0

Each month a new pdf file will be added to a specific dir. I am trying to build a data pipe line in R using targets to extract some information from these files.

list(
  tar_target(
    "data_path",
    list.files(path = "dir", full.names = T)
  )
  ,
  tar_target(
    "data_pdf_raw", 
    read_pdf(data_path),
    pattern = map(data_path)
  )
   ,
   tar_target(
     "data_pdf_clean", 
     clead_pdf(data_pdf_raw[[1]]),
     pattern = map(data_pdf_raw)
   )
   ,
   tar_target(
     "data_to_sql",
     data_to_sql(data_pdf_clean)
   )
)

The problem is that targets skip the data_path even thou new files are added in the dir. I have tried format = "file" in data_path without success.
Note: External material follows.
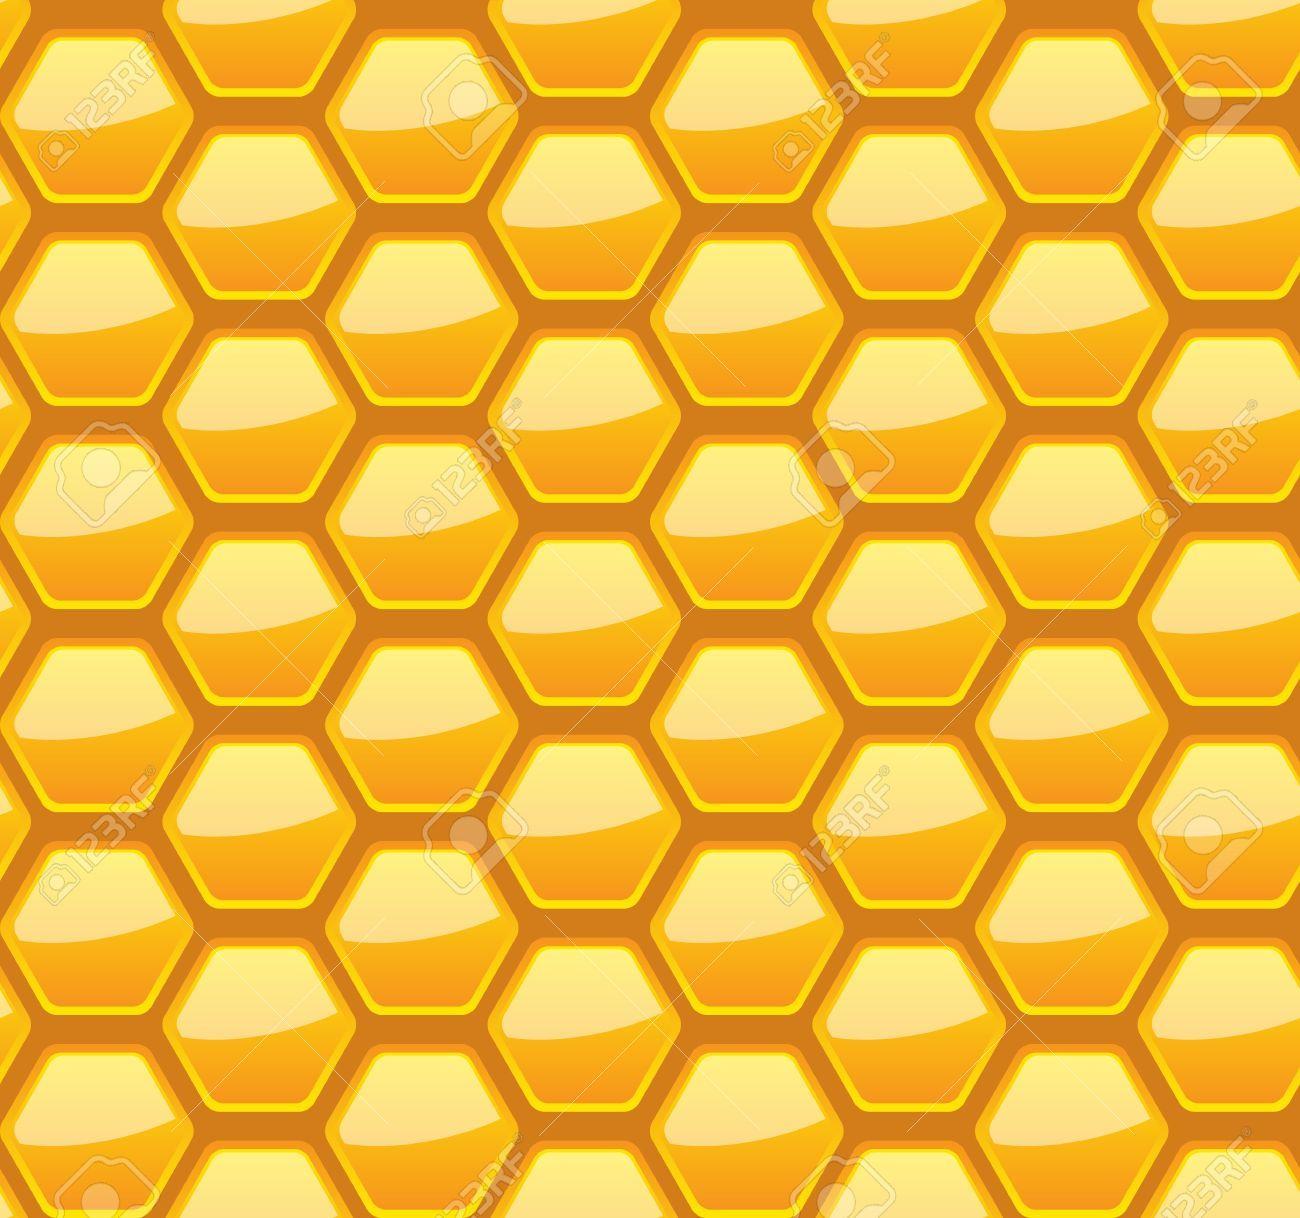 Honeycomb clipart free 5 » Clipart Portal.

I have also tried to add a new target as mentioned in a post below.

tar_target(paths2, list_path, format = "file", pattern = map(data_path)),

As there are quite many pdfs and the process is time consuming I rather not re-read all files every single time.

I have noticed these two questions but the solutions does not work in my case.
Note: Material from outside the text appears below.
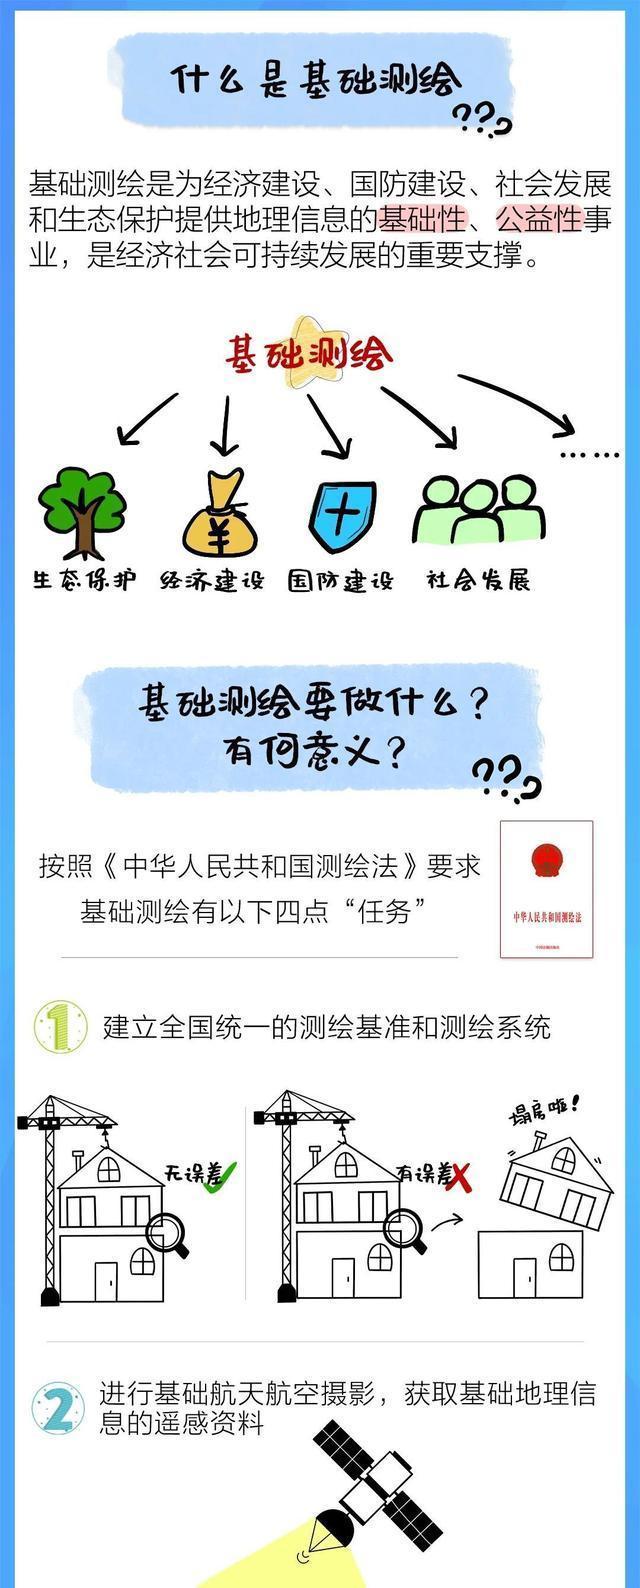 《武汉市基础测绘十四五计划》发表,今后五年武汉将这样做!|一图读。 第2张

Using R Targets to Append New Data to Exisiting Data

How should I use {targets} when I have multiple data files

Pierre
  • 671
  • 8
  • 25

1 Answers1

0

From the {targets} user manual (found here: https://books.ropensci.org/targets/dynamic.html) I figured out how to solve my issue with help from tar_files() in package tarchetypes and format = "feather".

list(
  tar_files(
    "data_path",
    list.files(path = "dir", full.names = T)
  )
  ,
  tar_target(
    "data_pdf_raw", 
    read_pdf(data_path),
    pattern = map(data_path),
    format = "feather"
  )
)
Pierre
  • 671
  • 8
  • 25